The survey has found that support for independence has gradually increased in Scotland since the question was first included. In 1999, the year that the devolved parliament was opened, a mere 27% of respondents chose independence as their preferred option, 59% chose devolution, and 10% did not want any Scottish Parliament at all. In 2010 support for independence had declined to 23%%. That was a period when the Scottish Parliament was still new, there was a Labour government in Westminster, and there was still confidence that Holyrood would be able to do the job that it was created to do, to protect Scotland from the excesses and cruelty of a Westminster Conservative government that Scotland did not vote for. Brexit and the years since 2016 have disabused Scotland of that notion.
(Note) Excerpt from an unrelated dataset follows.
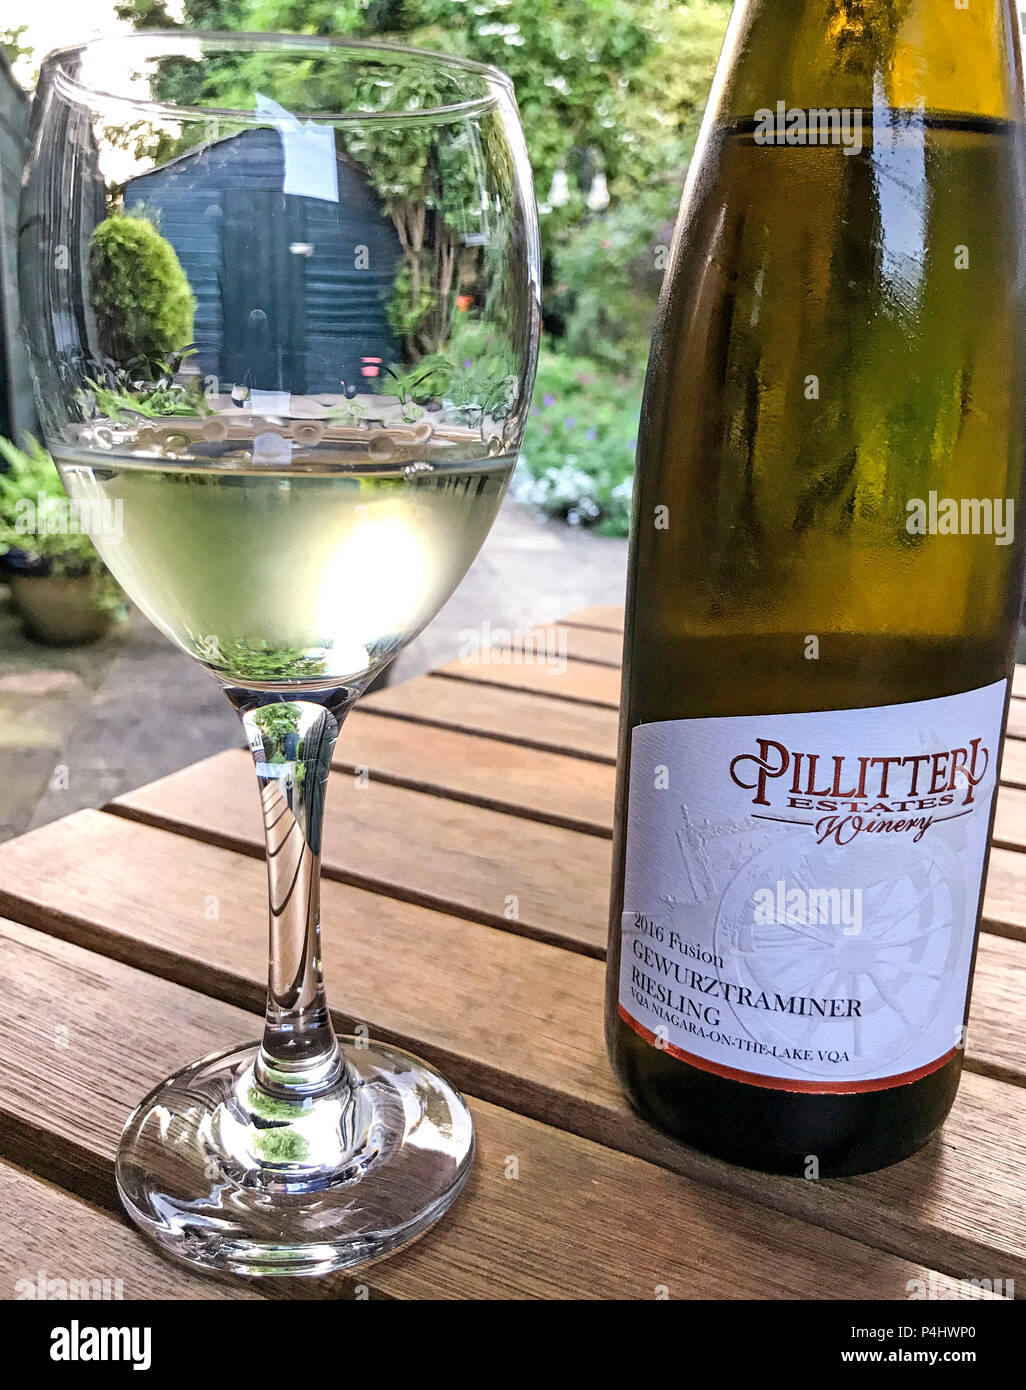 Canadian Pillitteri Estates Winery 2016, Fusion Gewurztraminer Riesling vqa niagara-on-the-lake white wine, bottle and glass Stock Photo

Over the course of the past 23 years there has been a sea change in Scottish attitudes about independence and Scotland’s constitutional status. The referendum campaign of 2014 normalised independence and forced even those who oppose it to take it seriously. The Brexit vote of 2016 and the perfidy of the anti-independence parties in the aftermath of the 2014 referendum demonstrated that devolution is toothless when it comes to protecting Scotland from the policies of a British Conservative government that it didn’t vote for. We have learned the hard way that opposing independence is not, as British nationalists like to claim, a means of protecting Scotland from damaging change. Damaging change is happening anyway, but without independence Scotland is subject to decisions made elsewhere, and without the powers to allow it to respond adequately to that change.
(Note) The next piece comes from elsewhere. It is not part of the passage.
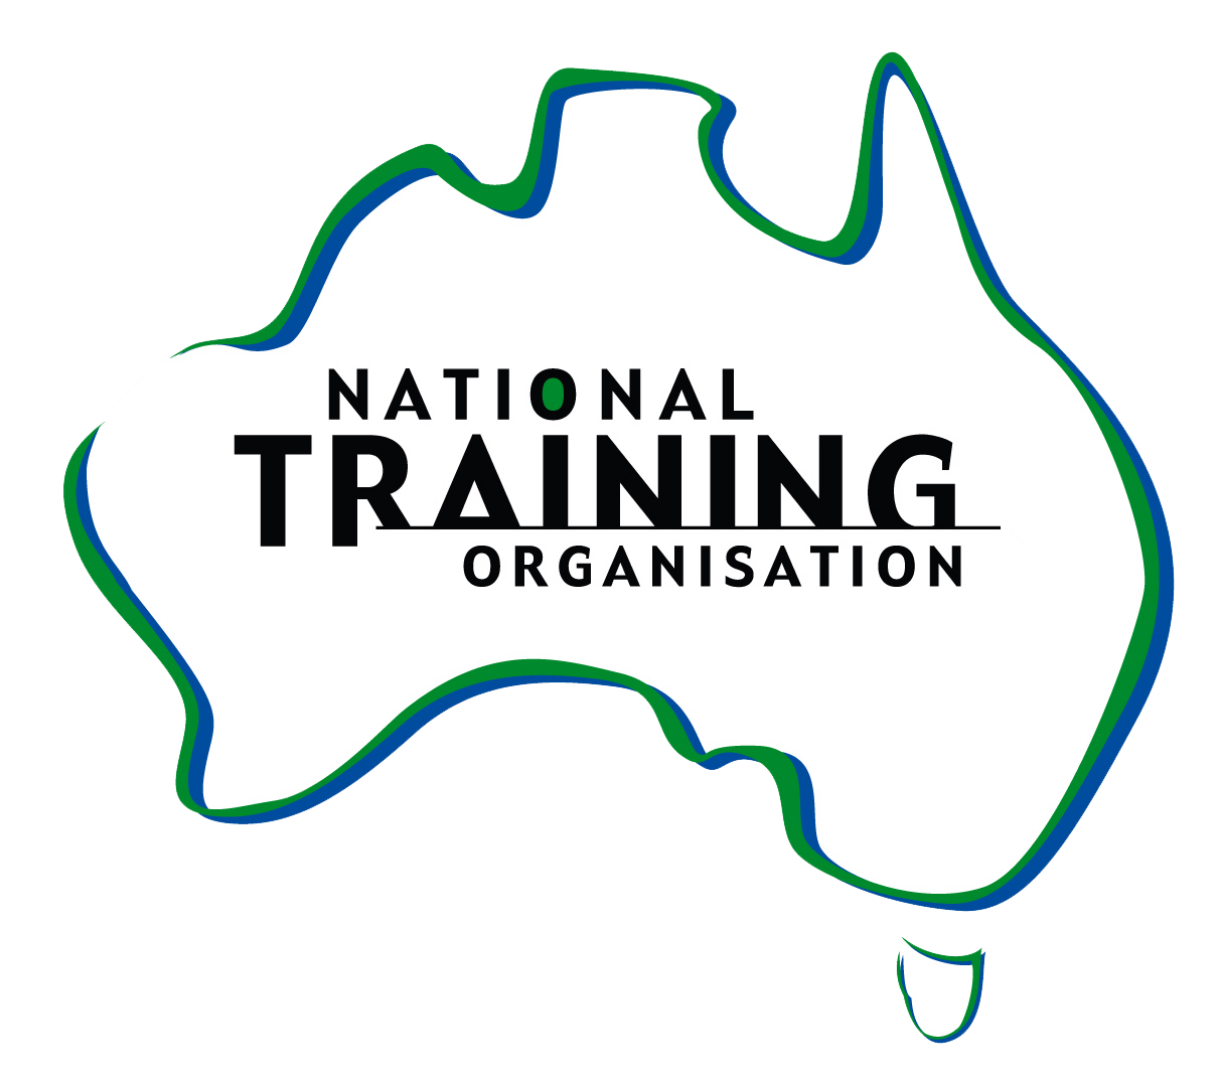 National Training Organisation

Independence is now the preferred option of the majority in Scotland, that’s a finding which would have been incredible back in the 1990s, yet now it scarcely comes as a surprise. Over the years, Scotland has been growing away from the UK, a process which will only gain pace as the right wing reactionaries of the Truss government seek to bend an unwilling Scotland to their will. The trajectory charted by the Scottish Social Attitudes Survey is clear. Scotland is well on the path to support for independence being the settled will of the people of Scotland.